Security Council Sees Hope for Mideast

By SARAH DiLORENZO
The Associated Press
Friday, January 26, 2007; 5:33 AM

UNITED NATIONS -- Security Council members are optimistic that a key meeting next month on the Israel-Palestinian conflict will help revive the stalled peace process, Russia's U.N. ambassador said Thursday.

The so-called quartet of Middle East peace brokers _ the U.S., the European Union, Russia and the U.N. _ will meet in Washington on Feb. 2 to explore ways of reinvigorating peacemaking.

Russian Ambassador Vitaly Churkin said there was hope that the meeting would lead to a wider international conference to end the conflict.

"There was a strong feeling that there were some signs of hope, which should be fully taken advantage of by the international community," Churkin told reporters after a Security Council meeting on the situation in the Middle East.

"Maybe not in such a long run, this process could culminate in an international conference, which needs to be well prepared, but which would bring about a long-awaited settlement of the situation in the Middle East," he said.

A "road map" for peace launched by the quartet in 2003 never got off the ground because each side failed to meet its initial obligations. The plan outlined stages for creating a Palestinian state alongside Israel.

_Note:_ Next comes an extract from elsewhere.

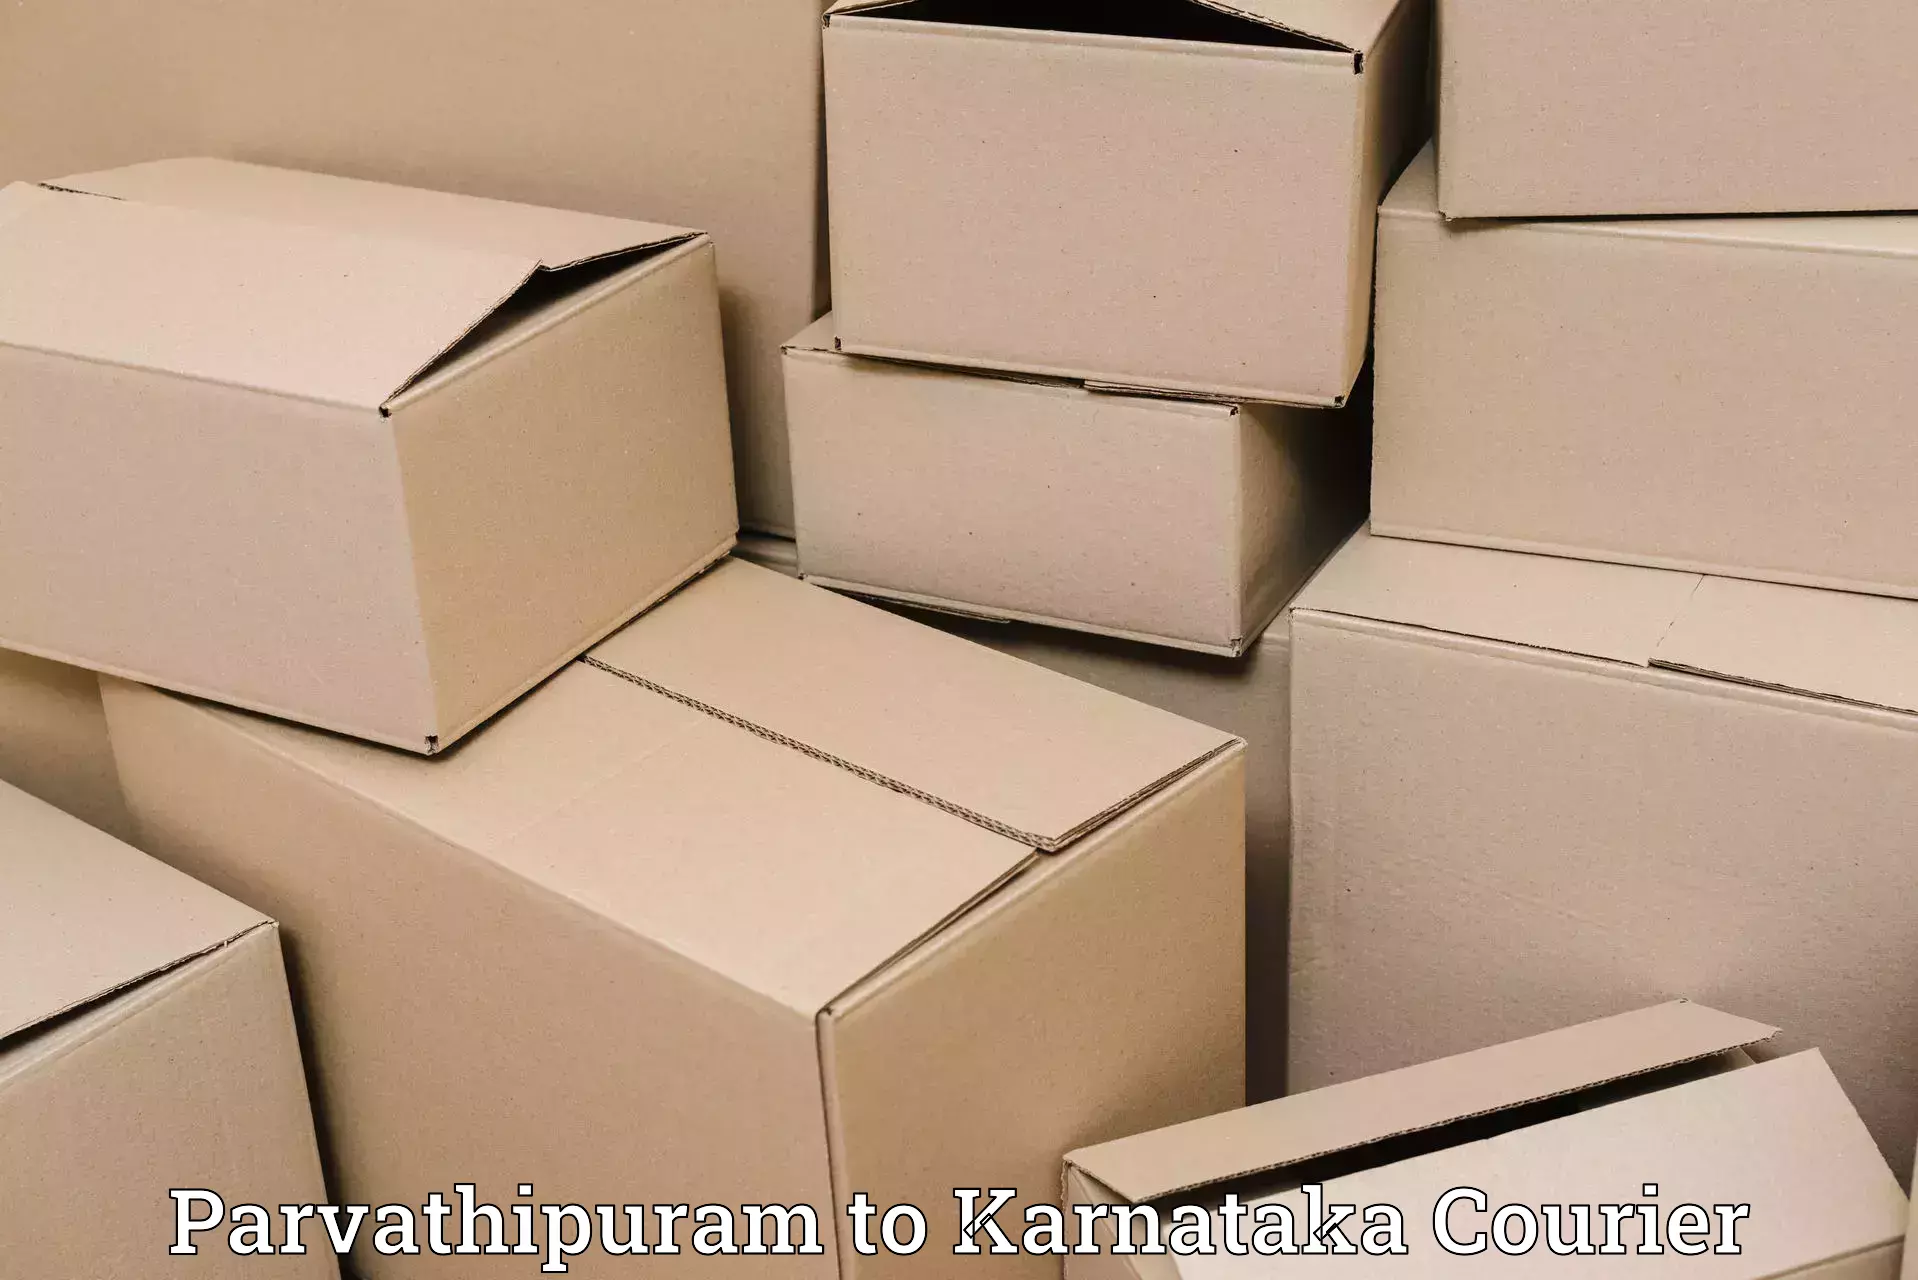 Advanced shipping network Parvathipuram to Sirsi

However, there has been flurry of diplomatic activity in recent weeks to revive the peace process, and Israeli Foreign Minister Tzipi Livni and Palestinian President Mahmoud Abbas planned to meet Friday on the sidelines of the World Economic Forum in Davos, Switzerland.

Churkin said key to next month's meeting will be helping the Palestinians form a unity government.

Abbas, of the more moderate Fatah party, has been locked in a power struggle with the Islamic militant Hamas, which won control of the Palestinian parliament in elections last year. Dozens of people have been killed in fighting between the rival factions.

Abbas has been pushing for a unity government partly as a bid to end Western sanctions imposed on the Hamas-led government for its refusal to renounce violence and recognize Israel's right to exist.

Ibrahim Gambari, undersecretary-general for political affairs, told the Security Council that despite the sanctions, aid to the territories rose nearly 10 percent in 2006 over the previous year.

Gambari said more than half of the aid had come from Arab countries. Some Western countries have continued to fund humanitarian programs for the Palestinians, but the aid bypasses the government in keeping with the embargo.

Despite the increase in aid, Gambari said the territories' GDP per capita fell by at least 8 percent in 2006 and poverty rose by 30 percent.

Without a revived peace process, Gambari said, "the most that aid can do is contain for a limited time the spread of grievances and the spread of instability."